Dataset content:
= = = = = = =
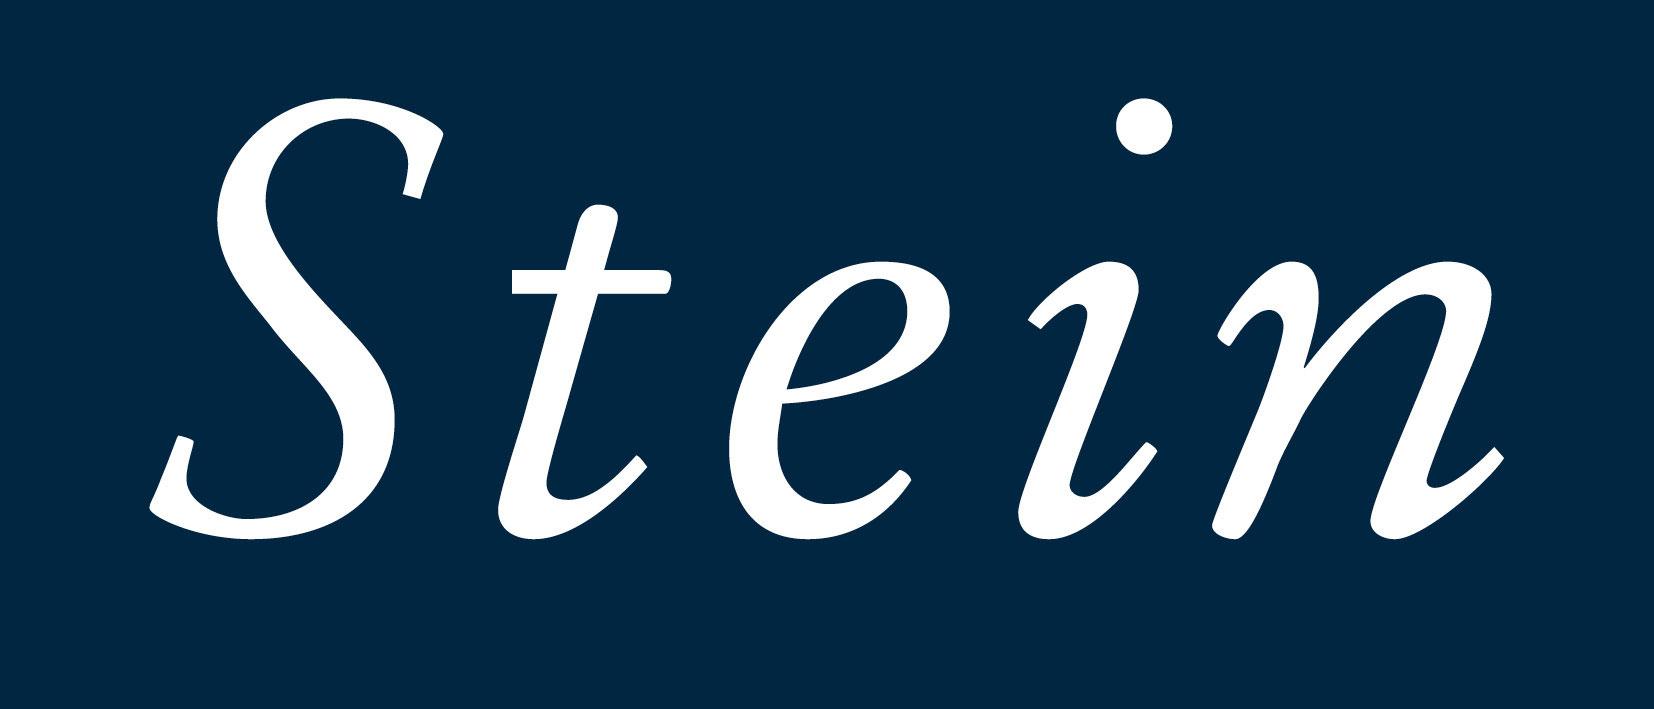 STEINWEIN
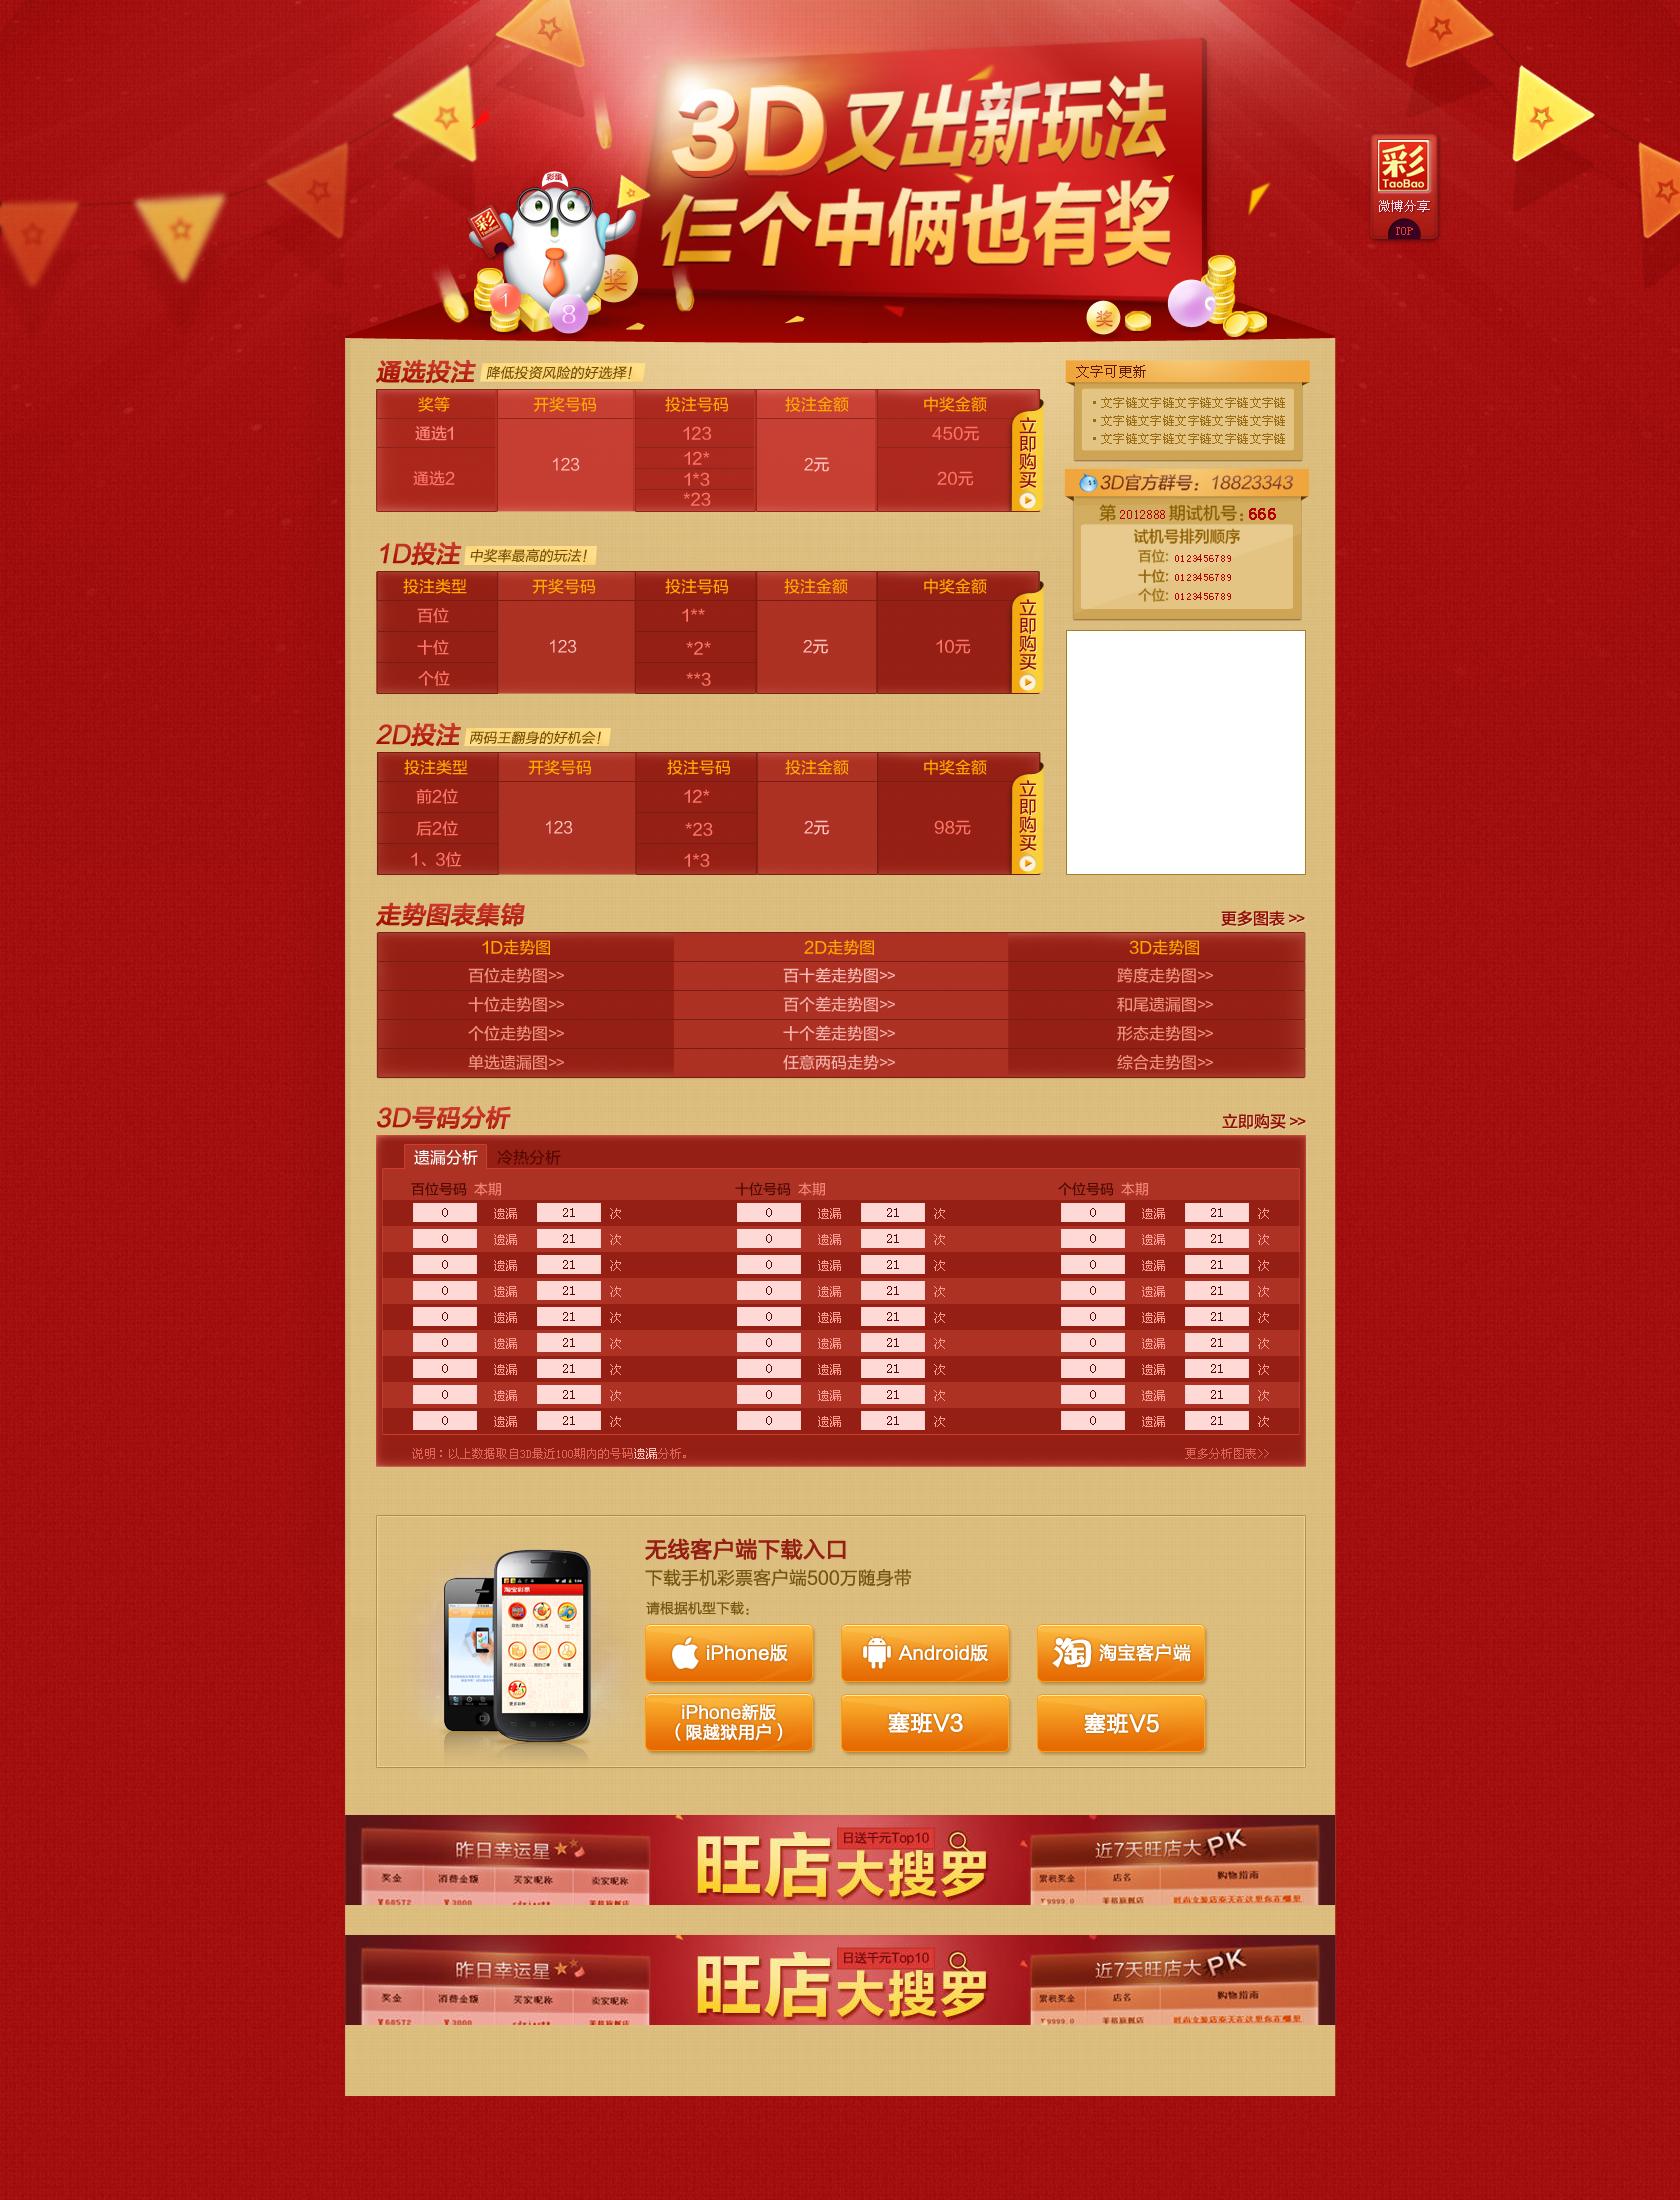 斗牛是一种新型的扑克玩法,其对局的模式以及优秀的人物秀深受玩家喜爱,游戏以欢乐豆为积分,获胜场次越多其游戏内的名气会越高!2017年全新上线【中国体育竞彩网页】互动交流网站,唯一官方出品,提供在线真人,时时彩有官方网站,时时彩,双色球,大乐透,北京单场,竞彩足球,胜负彩,世界杯冠.
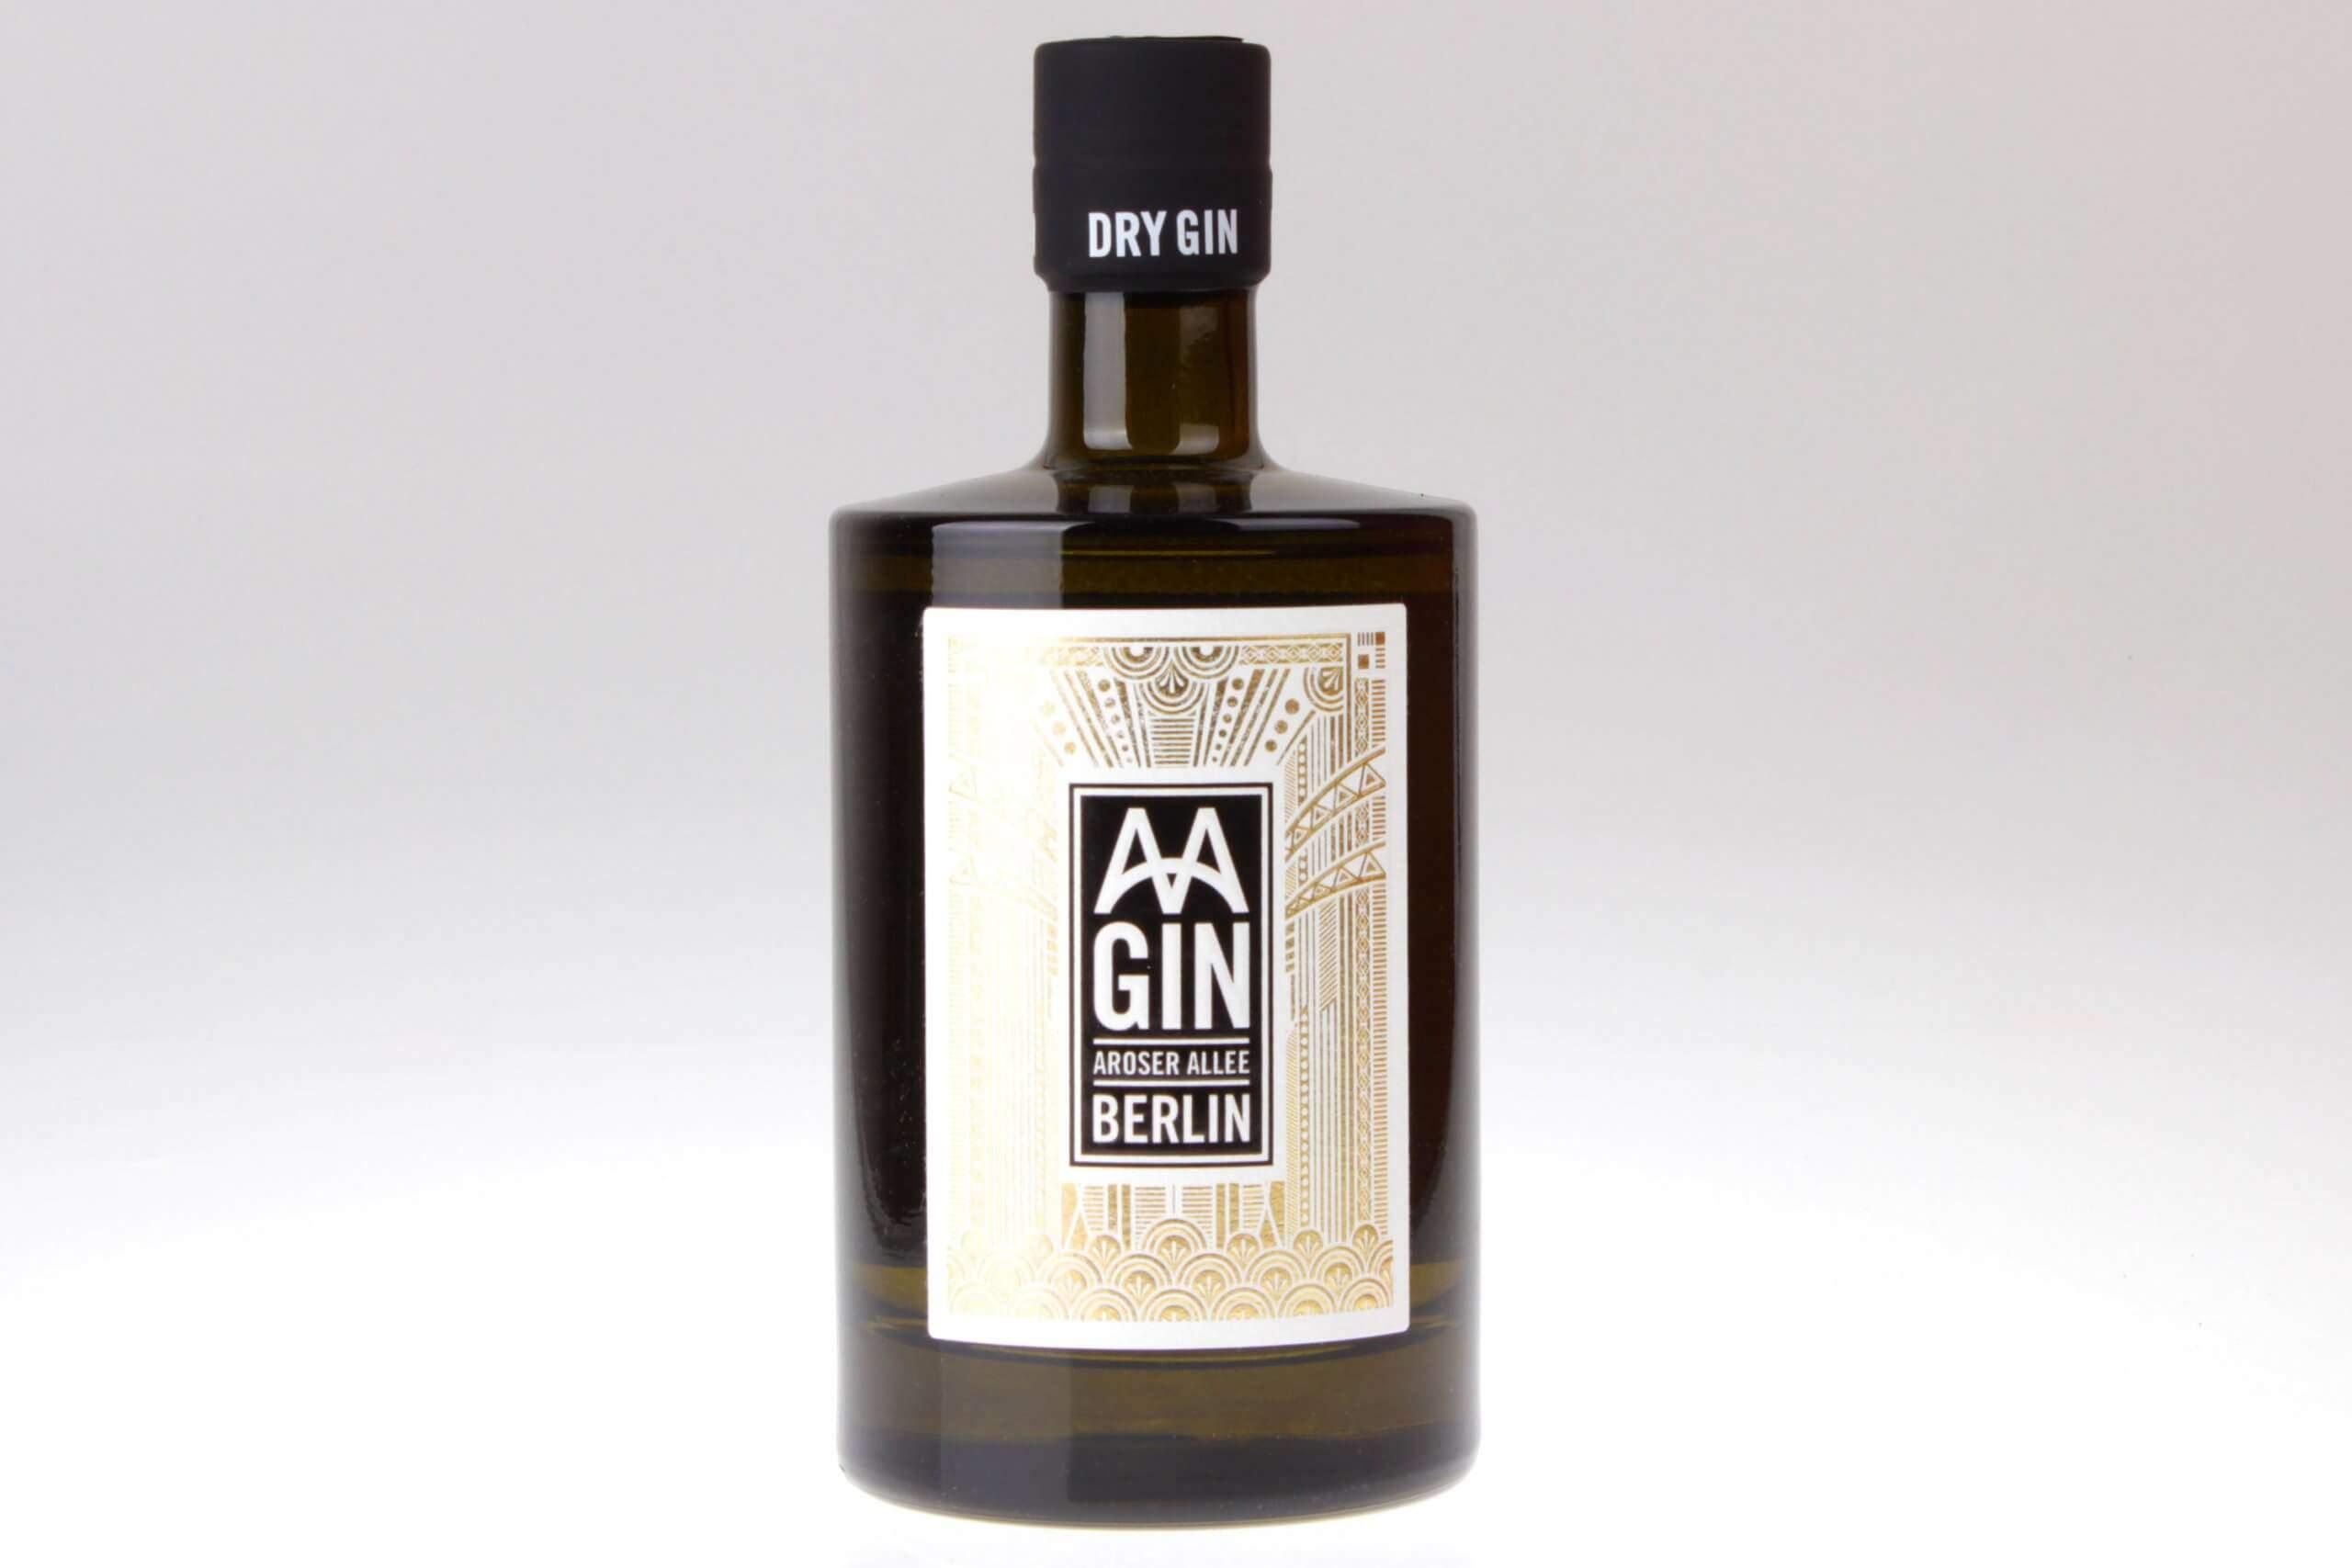 AA Gin Berlin Weindimensional von feinjemacht
= = = = = = =
Try it: Everything in the data above, apart from the pictures, should be retyped exactly.

Task output:
 STEINWEIN
 斗牛是一种新型的扑克玩法,其对局的模式以及优秀的人物秀深受玩家喜爱,游戏以欢乐豆为积分,获胜场次越多其游戏内的名气会越高!2017年全新上线【中国体育竞彩网页】互动交流网站,唯一官方出品,提供在线真人,时时彩有官方网站,时时彩,双色球,大乐透,北京单场,竞彩足球,胜负彩,世界杯冠.
 AA Gin Berlin Weindimensional von feinjemacht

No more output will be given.